Larry the Cable Guy (Mater), Owen Wilson (Lightning McQueen), Michael Caine (Finn McMissile), Emily Mortimer (Holly Shiftwell), Eddie Izzard (Sir Miles Axlerod), John Turturro (Francesco Bernoulli), Thomas Kretschmann (Professor Zündapp), Joe Mantegna (Grem), Peter Jacobson (Acer), Bonnie Hunt (Sally), Bruce Campbell (Rod ‘Torque’ Redline), Patrick Walker (Mel Dorado), Tony Shalhoub (Luigi), Jenifer Lewis (Flo), Richard Kind (Van), Paul Dooley (Sarge), Katherine Helmond (Lizzie), Stanley Townsend (Victor Hugo/Ivan)


Plot

Mater the tow truck is excited when his best friend Lightning McQueen takes a break from a string of Grand Prixes and returns to Radiator Springs. While Lightning is dining with Sally, Mater sees the British alterative oil entrepreneur Sir Miles Axelrod on a tv talkshow proposing the idea of a World Grand Prix to promote his Allinoil formula. The Italian racing car Francesco Bernoulli comes on and insults Lightning so Mater calls the show and stands up for Lightning. Goaded, Lightning agrees to join the race. Sally persuades Lightning to take Mater along with him for the trip.
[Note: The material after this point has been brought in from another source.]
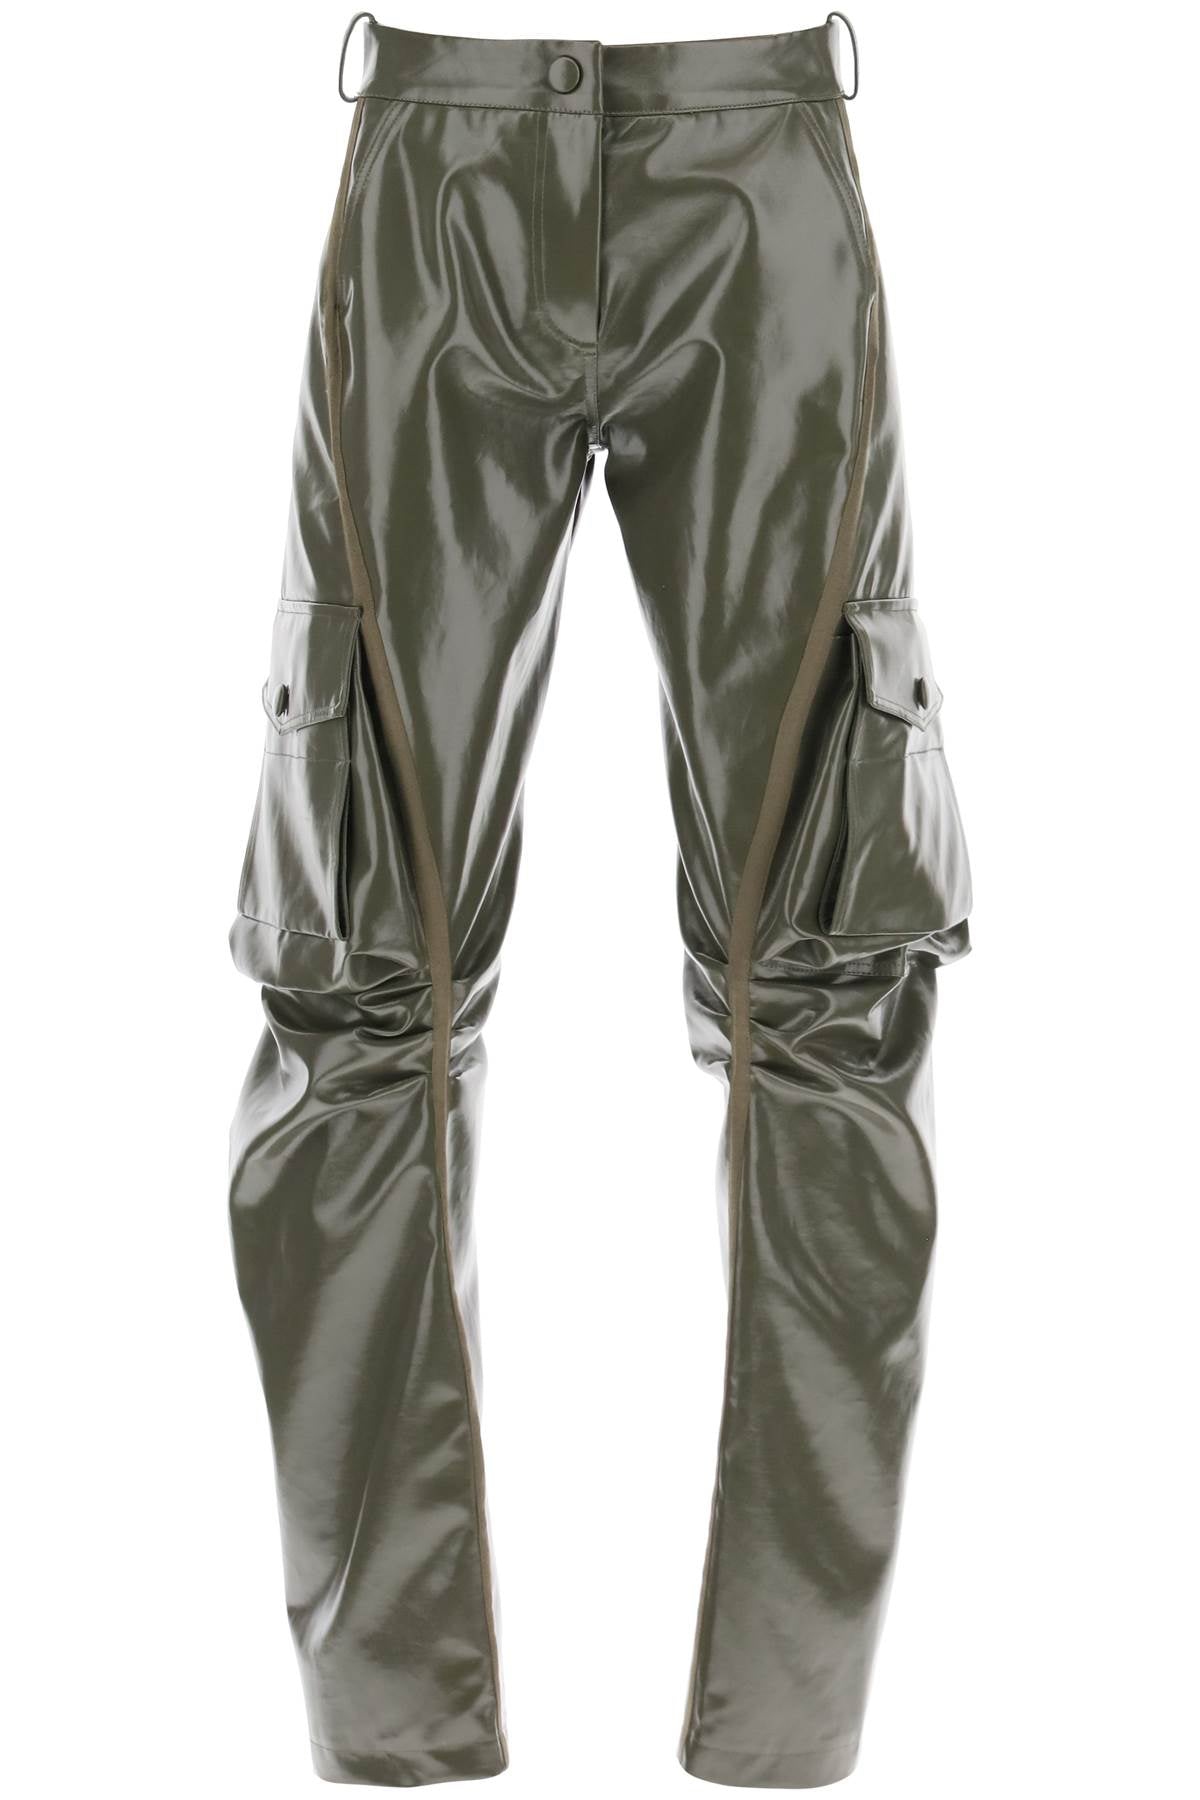 Mvp wardrobe montenapoleone cargo pants-0

In Japan, where the race is about to start, Mater wanders into a bathroom where an American secret agent is being beaten up by the hench-cars of the evil Professor Zündapp. British secret service agent Finn McMissile sends his associate Holly Shiftwell in to rendezvous with the American agent and she mistakes Mater for him. Mater becomes caught in the midst of a plot where both sides believe him to be a spy posing as a tow truck. It is up to Mater to stop Professor Z’s plot to employ a ray that destroys all vehicles using Allinoil in an effort to discredit the formula so that the world will be forced to revert to the use of regular gasoline.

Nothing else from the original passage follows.